Western mainstream media values the lives of people in rich countries more. People have to die in the thousands in a non-political tragedy in poor countries to get a similar amount of coverage as the death of a white Australian mountain climber in Indonesia.Tamara Pearson, veteran journalist based in Latin America (See article here)

Western media has been the subject of intense debate in Kenya – and globally – following the January 15 attack on Dusit Hotel in Nairobi. A day after the incident, Britain’s Daily Mail newspaper reported that:

“A British man and an American woman are among the 14 people killed when gunmen sprayed guests with bullets and a suicide bomber blew himself up in a terror attack on a luxury hotel in Kenya.”

In it is initial report on the attack, the New York Times began its story as follows:

“A luxury hotel and an office complex housing foreign companies in Nairobi came under heavy attack by Shabab militants on Tuesday.”

Foreign nationals and businesses in some far away third world country are of greater news value to western mainstream media than the miserable lives of locals who die like flies daily from many causes anyway.

The defence is the news value of proximity. Western media, which likes to think of itself as international media, writes for Western audiences who are more interested in their own than what happens to the rest of the world.

But is that the sole justification for an exclusive report by Britain’s the Sun, highlighting the heroic efforts of a single British Special Air force Service (SAS) soldier who apparently saved many lives at Dusit?

“Tooled-up SAS hero led charge into Kenya hotel to kill terrorists and rush victims to safety as fanatics slaughtered 14,” the headline read.

“A lone SAS man was hailed a hero of the Kenya terror siege — after storming in to wipe out attackers and save civilians,” the Sun reported.

After getting kitted out, dramatic photos show the hero charging into a building single-handed — Colt Canada C8 assault rifle at the ready — to free cowering locals.”

The paper carried seven pictures of the SAS “hero” in one report.

Apparently, Kenya’s security forces stood by impotently, tears rolling down their cheeks as they mumbled prayers to their ancestors while the “white saviour” rescued “cowering locals.”

This is the boilerplate western media coverage of Africa inspired, no doubt, by the ideology of white supremacy.

It exposes the façade of internationalism, the so-called “global village” or the “international community” one often hears about in imperialist posturing.

How international is “international media” that frames an African story this way?

The reporting of last week’s attack revealed, for the umpteenth time, the racist biases of western media against Africa and the global south generally.

Among the 50 photos and video clips published by the Daily Mail about the Dusit attack, one stood out. Its caption read:

“Motionless bodies of victims around a table at a hotel and office complex in Nairobi yesterday after a terror attack in which at least 15 people were killed.”

The photo showed bloodied bodies slumped on chairs.

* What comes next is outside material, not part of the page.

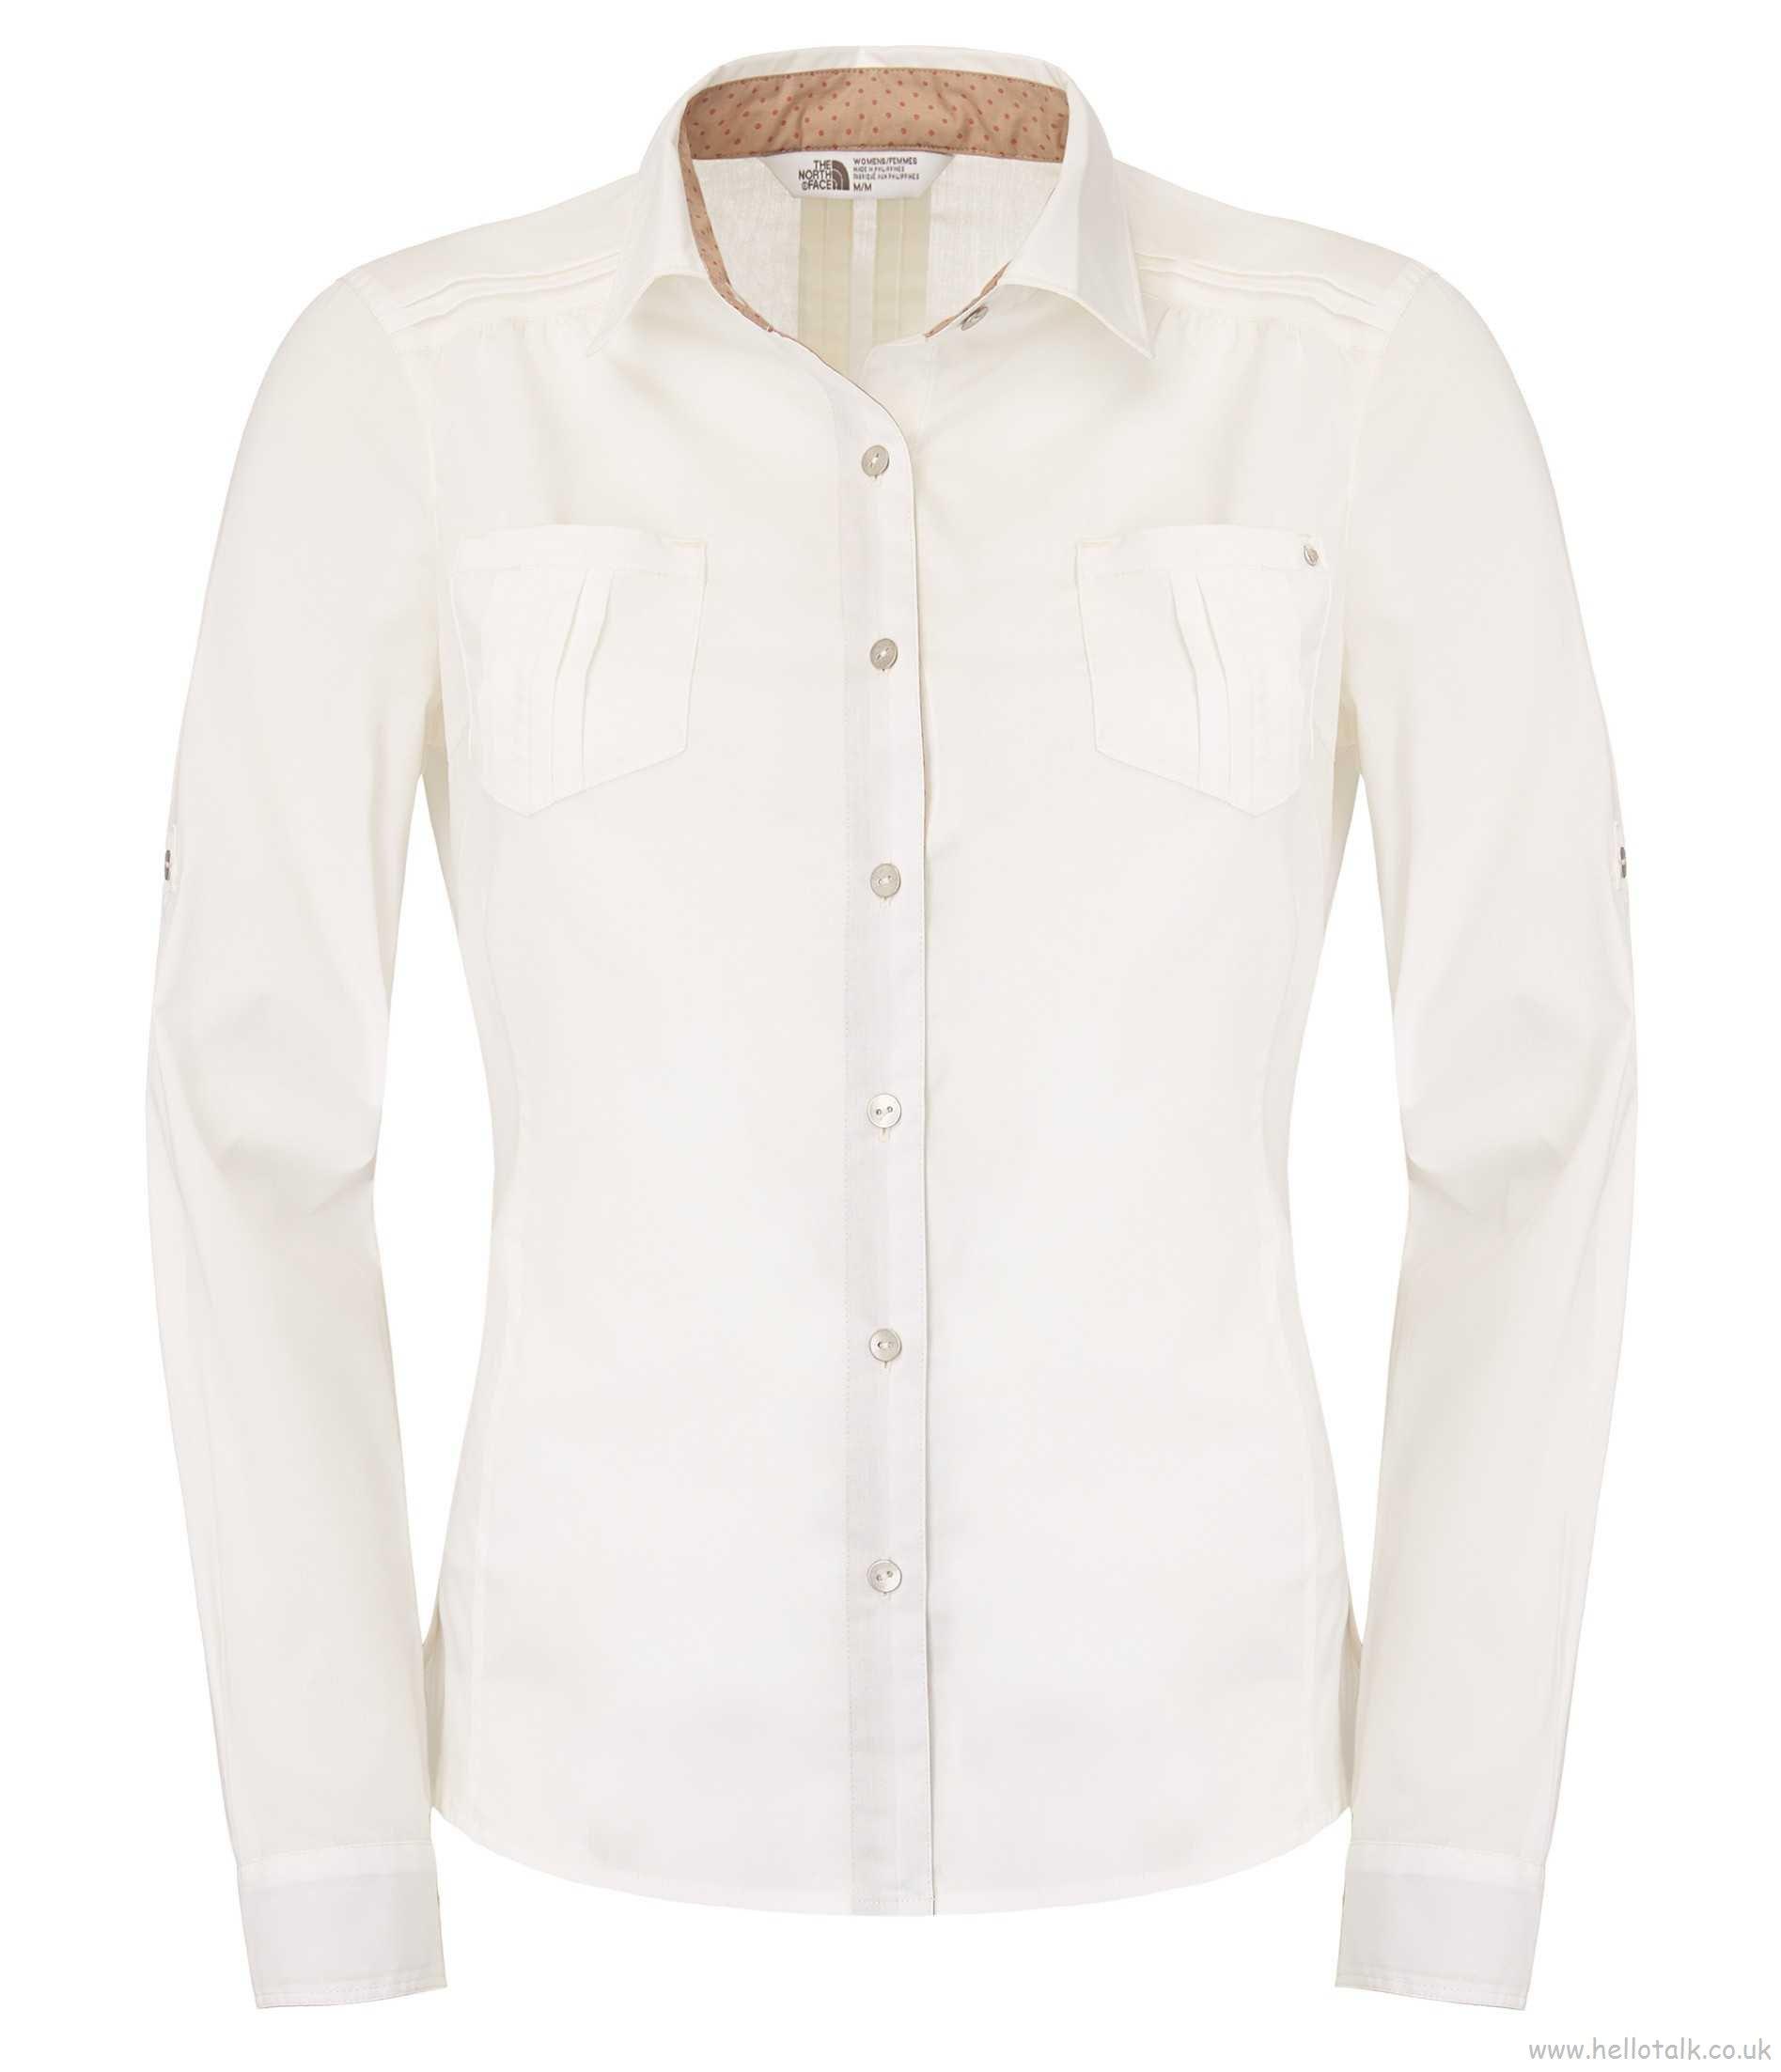 חולצת נשים אופנתית נורט פייס מדגם The North Face Women plaid shirt gardenia white

The Sun carried a similar picture.

But it was a shot published by the NYT that sparked an uproar among Kenyans online. Those who raised the issue wondered what value parading dead bodies added to the story. Was it not possible to tell the story without carrying pictures of dead persons? Would the paper publish similar pictures if the tragedy happened in a Western capital, say London, New York or Paris?

The uproar came after State House urged Kenyans not to distribute graphic images of the Dusit attack.

“Please do not share clips of the attack at Riverside. Or terrifying messages. It aids those behind those atrocities,” State House said.

The NYT defended its decision to publish the picture.

“We understand how painful this coverage can be, and we try to be sensitive in how we handle both words and images in these situations,” the paper said in a statement.

While wanting to be respectful to the victims and others affected by the attack, “we also believe it is important to give our readers a clear picture of the horror of an attack like this. This includes showing pictures that are not sensationalised but that give a real sense of the situation.”

But Kenyans rejected the explanation. And the Media Council of Kenya wrote to the NYT demanding they pull down the unethical photo within 24 hours or face sanctions. Sharp exchanges followed.

In comparison, all local media demonstrated prudence in the use of photographs of the attack.

The “international community” spread other grotesque distortions of the incident.

The BBC’s Ferdinand Omondi, a well-known Kenyan journalist, reported that he had spoken to one of the gunmen as the attack unfolded.

“I’ve asked a gunman what’s going on. ‘Things are not good, people are dying’, he says”, Omondi tweeted.

How accurate was this? Spoke to a gunman? And how could the gunman say, things are not good blah, blah?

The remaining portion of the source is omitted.